It was not only the Germans, but citizens of many nations who embraced eugenics, including US President Theodore Roosevelt, Planned Parenthood founder Margaret Sanger, and Irving Fisher (celebrated economist). In Canada, the eugenics movement had most influence in Alberta, where a Eugenics Board, with the authority to sterilize people deemed defective, operated between 1928 and 1972.

The damage done by such policies, the horror of Nazi camps, the exploitation, imprisonment and killing of citizens by Communist dictators, and books such as “Brave New World” (Huxley, 1932) have warned us that governments’ social planning can completely override compassion and respect for human rights.

Thus in today’s world, most governments have given up supervising reproductive selection. However, technology – combined with liberal abortion laws – is giving prospective parents the opportunity to themselves screen their offspring for unwanted characteristics.

This is a lot safer than government screening: there is a diversity of parents who will welcome children like themselves, preserving diversity. However, it is not clear that girl children, and children with congenital disabilities, will be as likely to make the cut as boys and healthy children.
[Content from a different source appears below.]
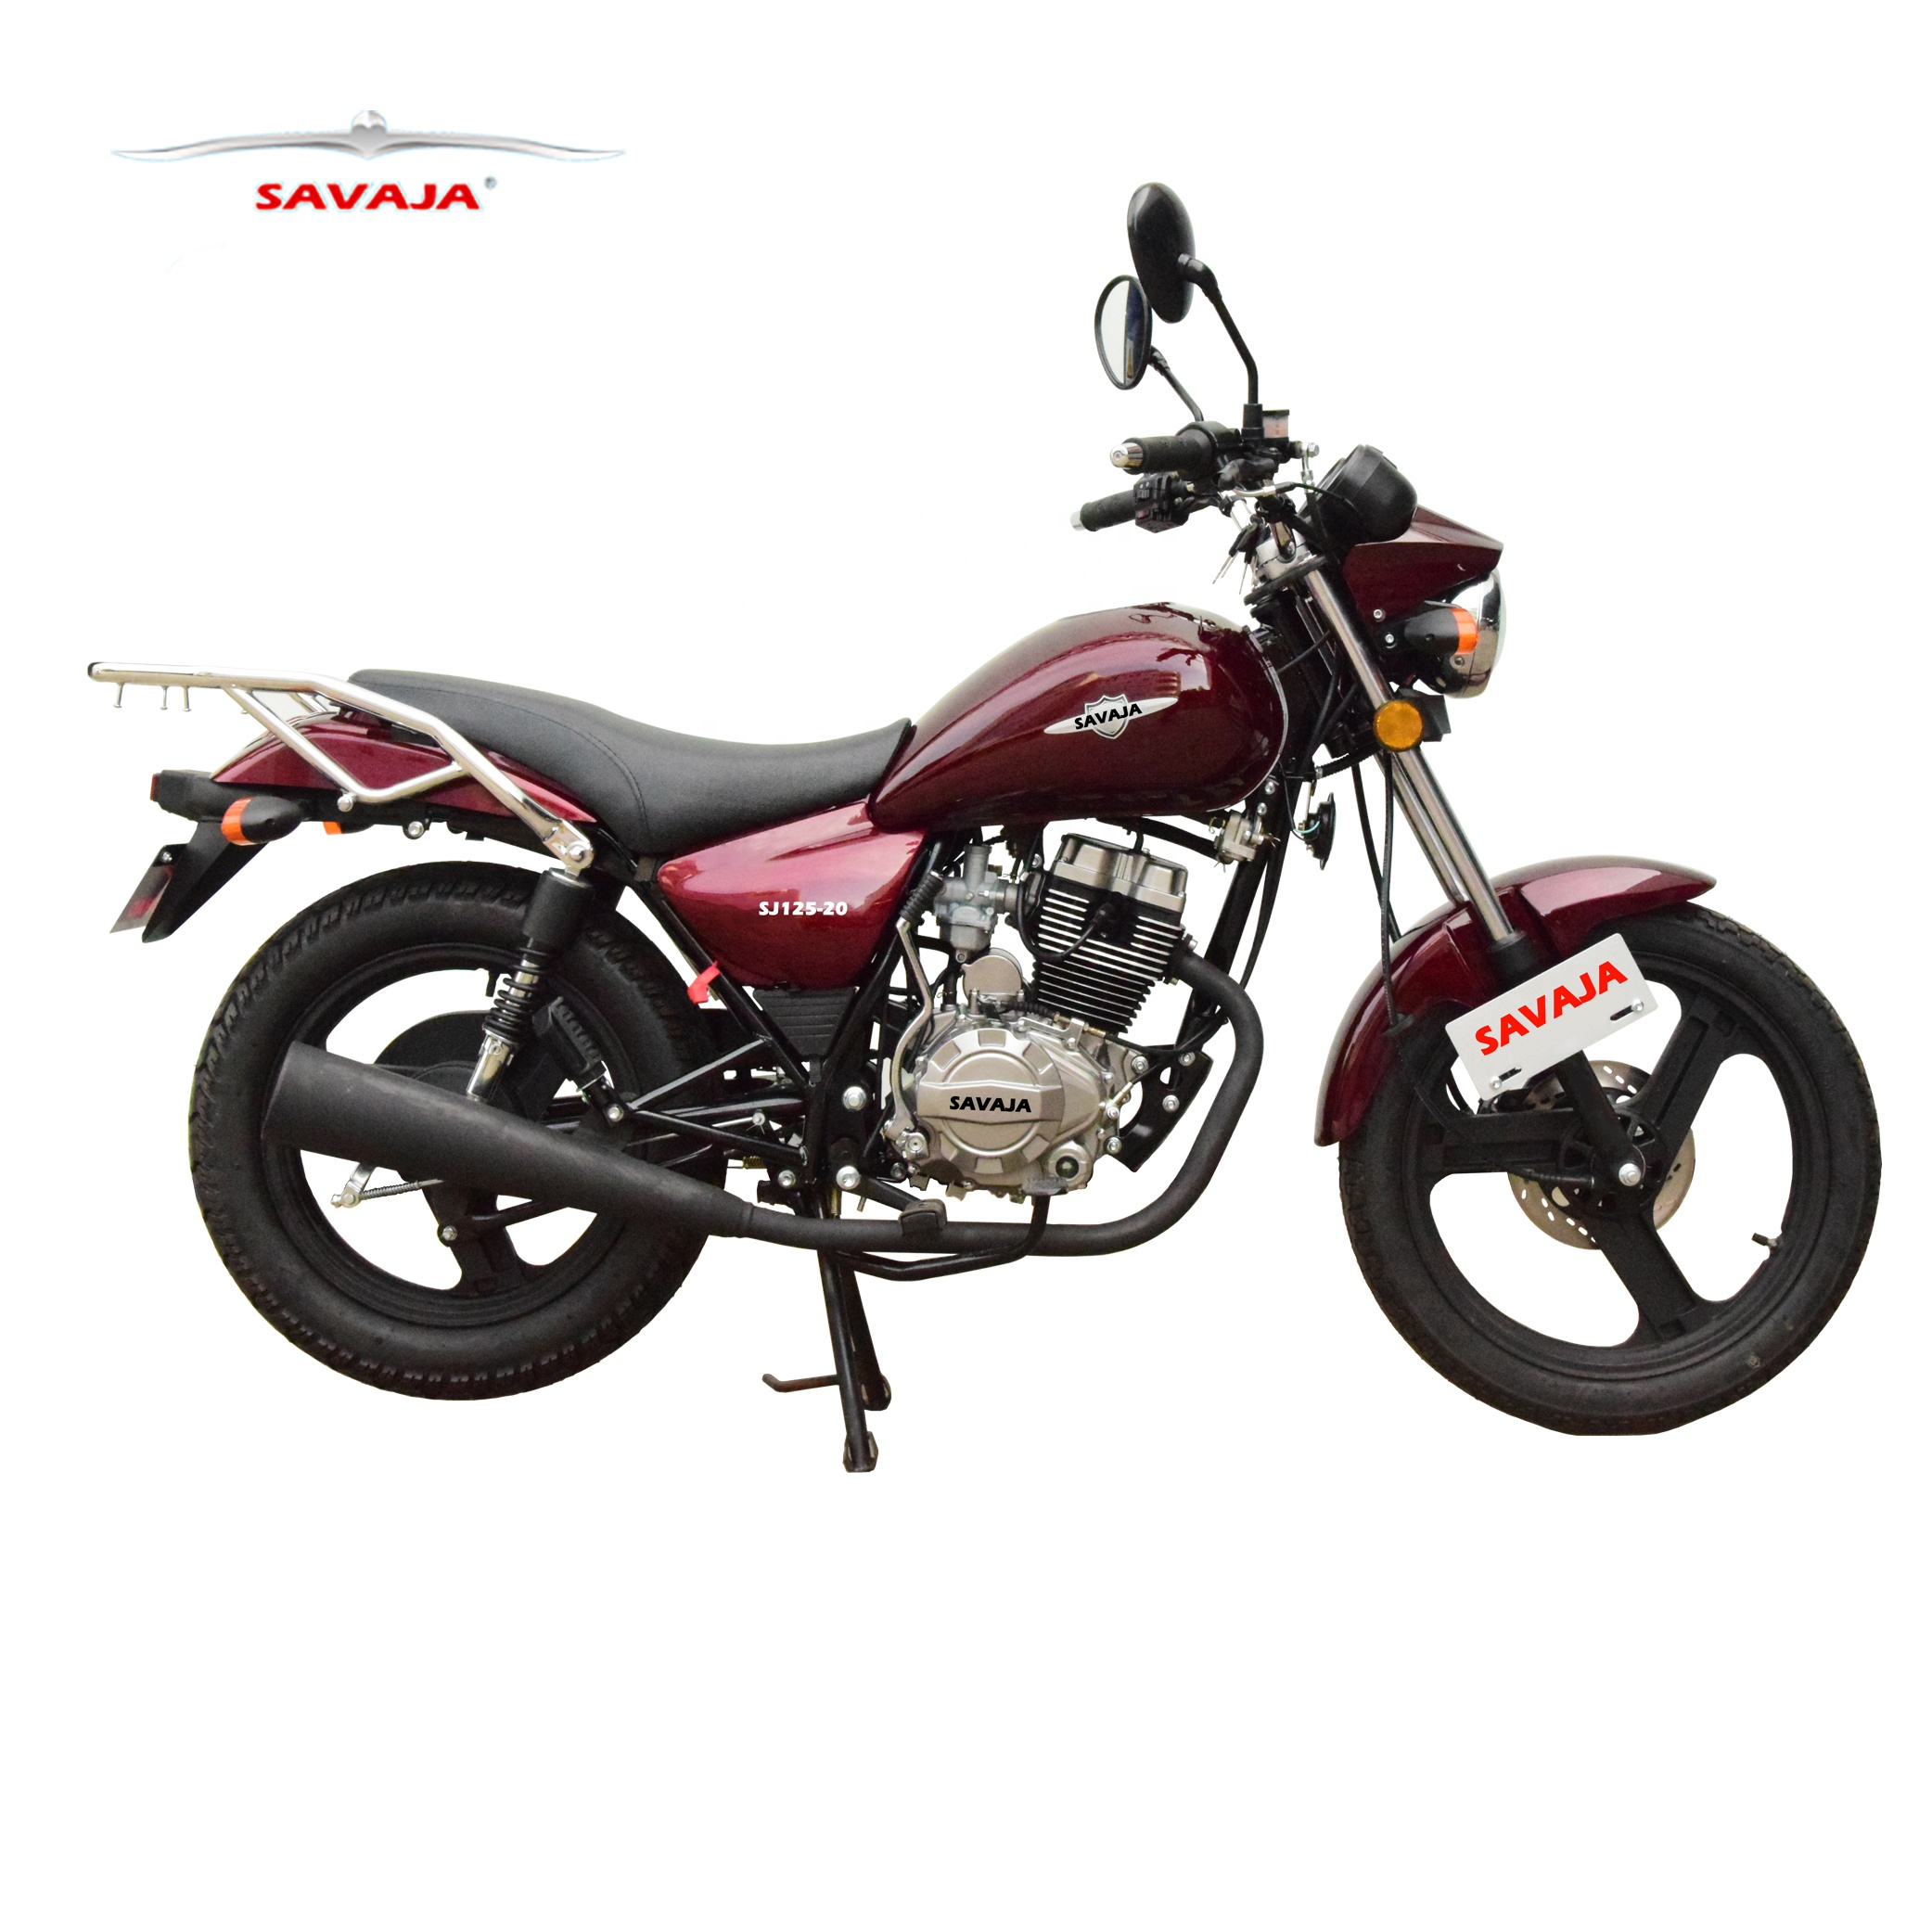 Haojin Apsonic Royal Sanili Fekon Dayun Haojue Hj125-20 Gn125 150cc Motorcycle Savaja Sj125-20 Gn001 - Buy Gn,125cc,Hj125-20 Product on Alibaba.com

In the future it may become easier to select for all kinds of apparent abilities and advantages.

Economics cannot be relied upon to dissuade parents from this course of action, especially if children with unwanted characteristics cost more to raise and governments are not willing to share the burden. However, economics can remind us that diversity is a source of strength, providing fresh ideas and approaches as well as opportunities for specialization. Our society's strength, our government's strength, our economy's strength, lies in diversity, cooperation, and competition, rather than in conformity, coercion, and cronyism.

Understanding that we mean no coercion and no discrimination, let us discuss how fertility policy might be implemented successfully.

Five Principles of Policy Design

#1 No discrimination or coercion. As discussed above.

#2 Question the policy. Identify the ultimate goal or the root cause of the problem you are trying to address. Is the proposed policy the most direct way to achieve your goal/fight the problem? For example, if you are embarking on a program to reduce births, there is probably a deeper goal, such as poverty reduction. A policy to encourage births might really be about increasing the labour supply. There may be more direct and faster-acting ways to reduce poverty or increase the labour supply.

#3 Target the binding constraint

A successful policy addresses the most critical bottleneck, the most pressing barrier to achieving the goal or reducing the problem at hand. For example, if the policy is intended to encourage births, you need to know what is really holding people back from deciding to have children or expand their family size. It’s no use offering money to couples to have children, if they are avoiding children for non-financial reasons.

image1.jpg #4 Target the appropriate margin

In microeconomics we learn that people evaluate things at the margin. They decide whether or not to study one more hour, not just whether or not to study at all. They decide whether or not to have kids, but then they decide whether or not to have one more, one at a time. If most people already intend to have one child, you should target people who are at the margin of deciding for another child or not. Similarly, if your target is a limit of two children per family, you can implement a policy that discourages third children.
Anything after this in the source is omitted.